Her Excellency said, “Today on World Environment Day we have decided to burn this ivory demonstrate our commitment against the illegal ivory trade, transnational crime is not acceptable.” The President has signed the EPI and we are committed as a whole government to do everything we can, including with the Ministry of Defence and Ministry of Interior to stop the illegal wildlife trade.” The wildlife in Angola can constitute part of development and an economic driver.”

As the one and a quarter tonne pile leapt into flame,  the Minister reiterated the southern African country’s commitment stamp out all ivory trade.

In 2016 Angola hosted the World Environment Day celebrations and marked its joining of the Elephant Protection Initiative.

Before assembled dignitaries including Ambassadors and the UN’s head of mission to Angola, the Minister explained that burning Ivory not only put it beyond any economic use, but also marked the significant conservation steps the country has made over the last year.

In 2016, with support from EPI co-secretariat Stop Ivory, the country started the inventory of its national ivory stocks – both from its parks and seized from traffickers at Luanda international airport. Over the coming months it is rolling out a digital stockpile management system to prevent illegal thefts.

In 2016 Angola closed its domestic Ivory market, which had. Even one of the largest in Africa. This year, the main ivory market at Benfica no longer exists.

The burn comes after three days of activities to mark World Environment Day.

On Saturday, the Minister and dignitaries visited the first specialist ranger training held at government ranger school Menongue which is being delivered by Kenyan specialists 51 Degrees though Stop Ivory.  At Menongue, the Minister also formally opened the Angola chapter of the Game Rangers Association of Africa, laying the ground for strengthening the country’s national parks.

On Sunday evening National Geographic held a screening of its latest film, charting the incredible biodiversity recorded during its epic expeditions into the headwaters of the Okavango water system.  The film highlights the incredible richness of Angola and its importance as the water tower for all countries in the region.

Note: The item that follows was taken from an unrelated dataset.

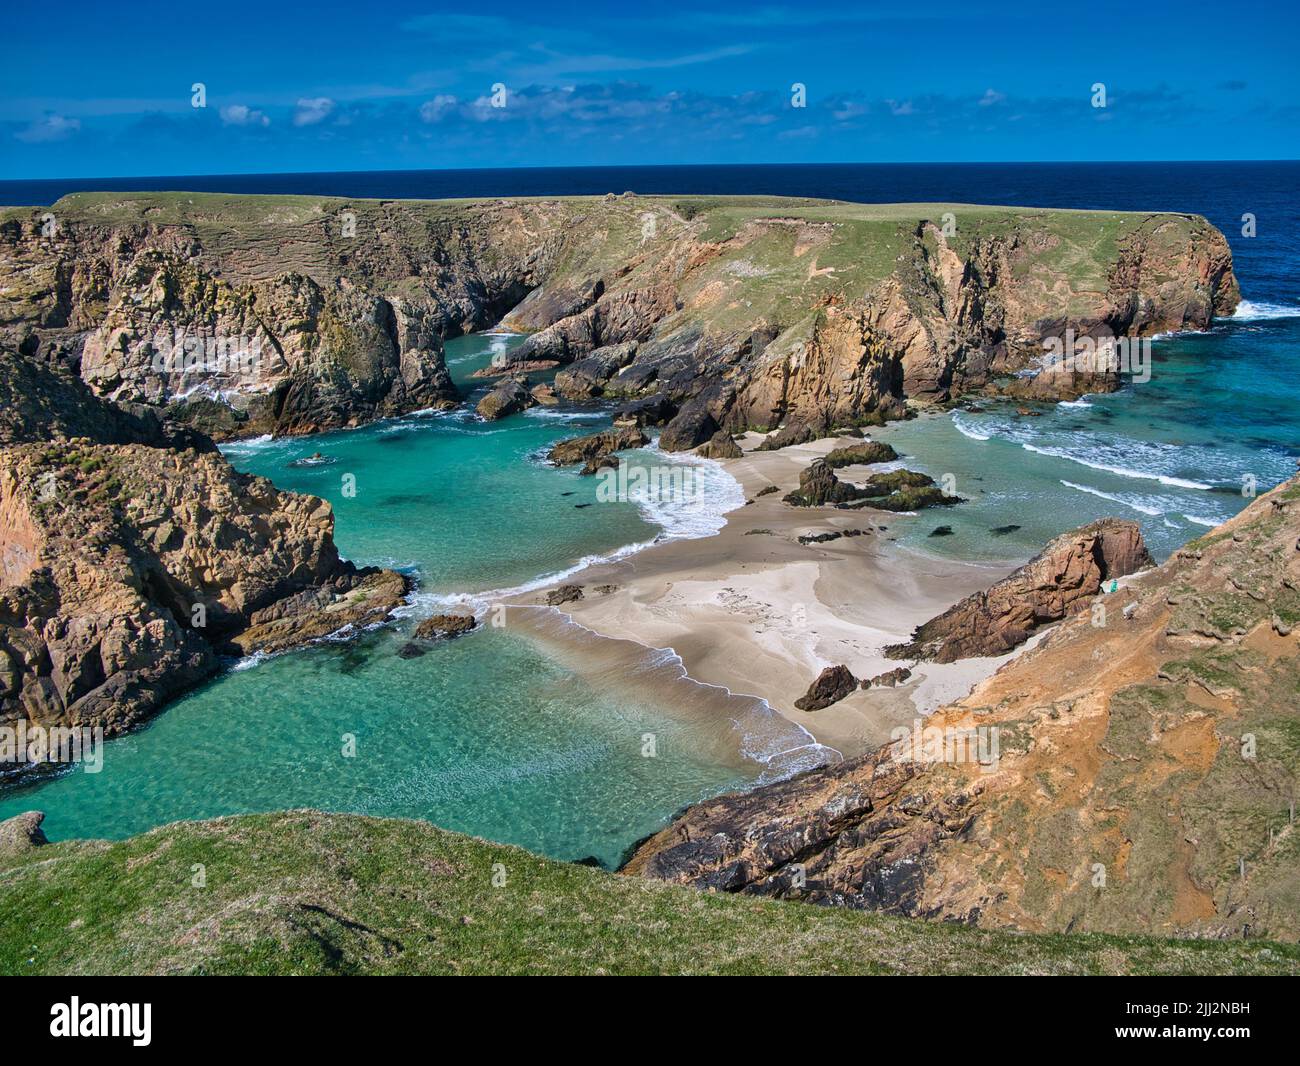 The rugged coastal cliff scenery and pristine turquoise waters around the island of Uyea in Northmavine, Shetland, UK. Taken on a sunny day. Stock Photo
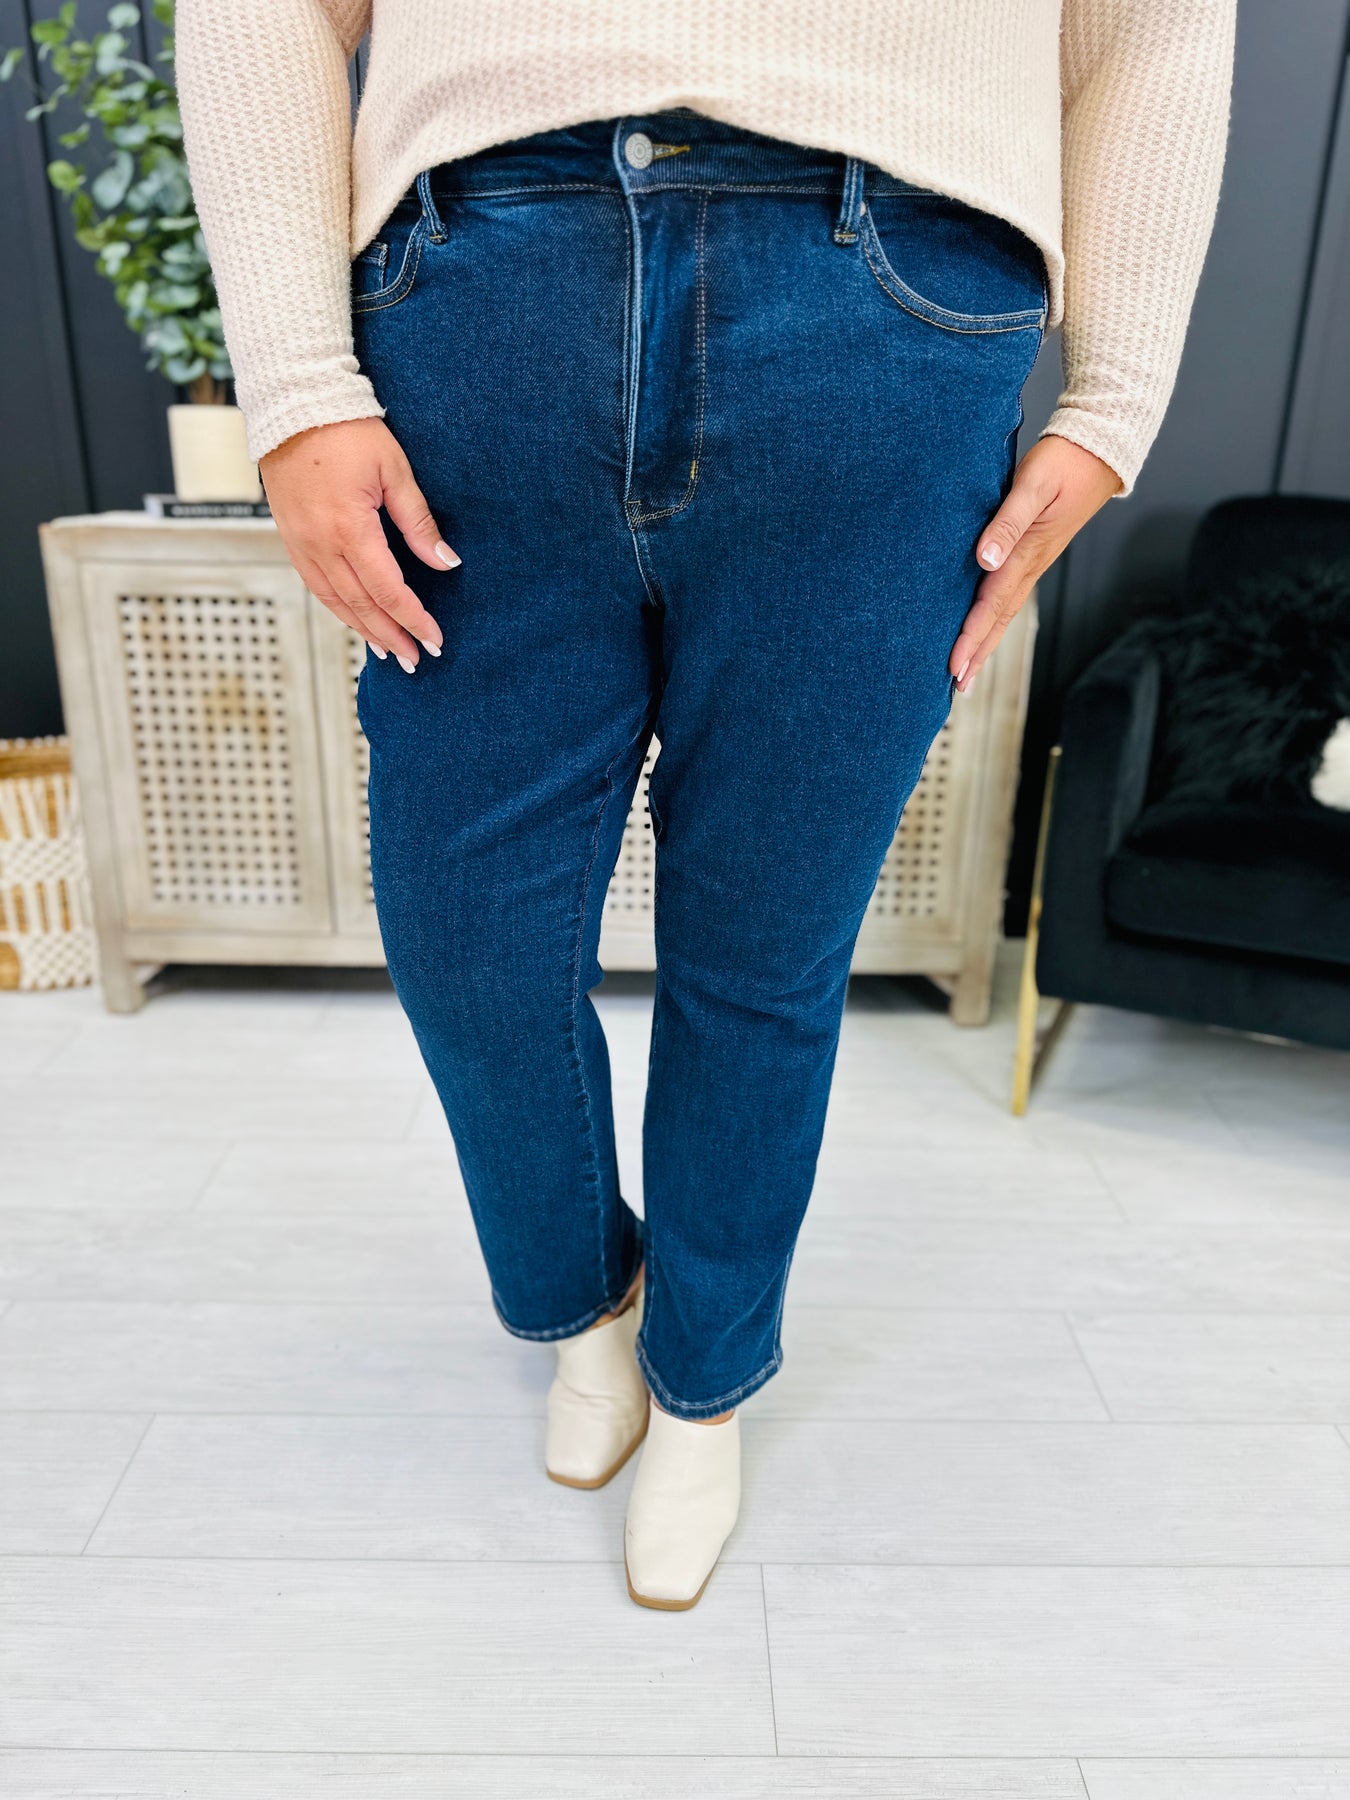 We love TUMMY CONTROL TECHNOLOGY! These new Judy Blues are truly

“Our elephants are the champions for our biodiversity” says Director of biodiversity Abias Huongo matter of factly as the smoke curls into the sky. “the elephants mean everything.”

“Stop Ivory is honoured to continue to support the government in its fight against this transnational crime and in its work to protect its elephants” said David Stulb, President of Stop Ivory US.

Angola continues to develop and implement its National Elephant Action Plan.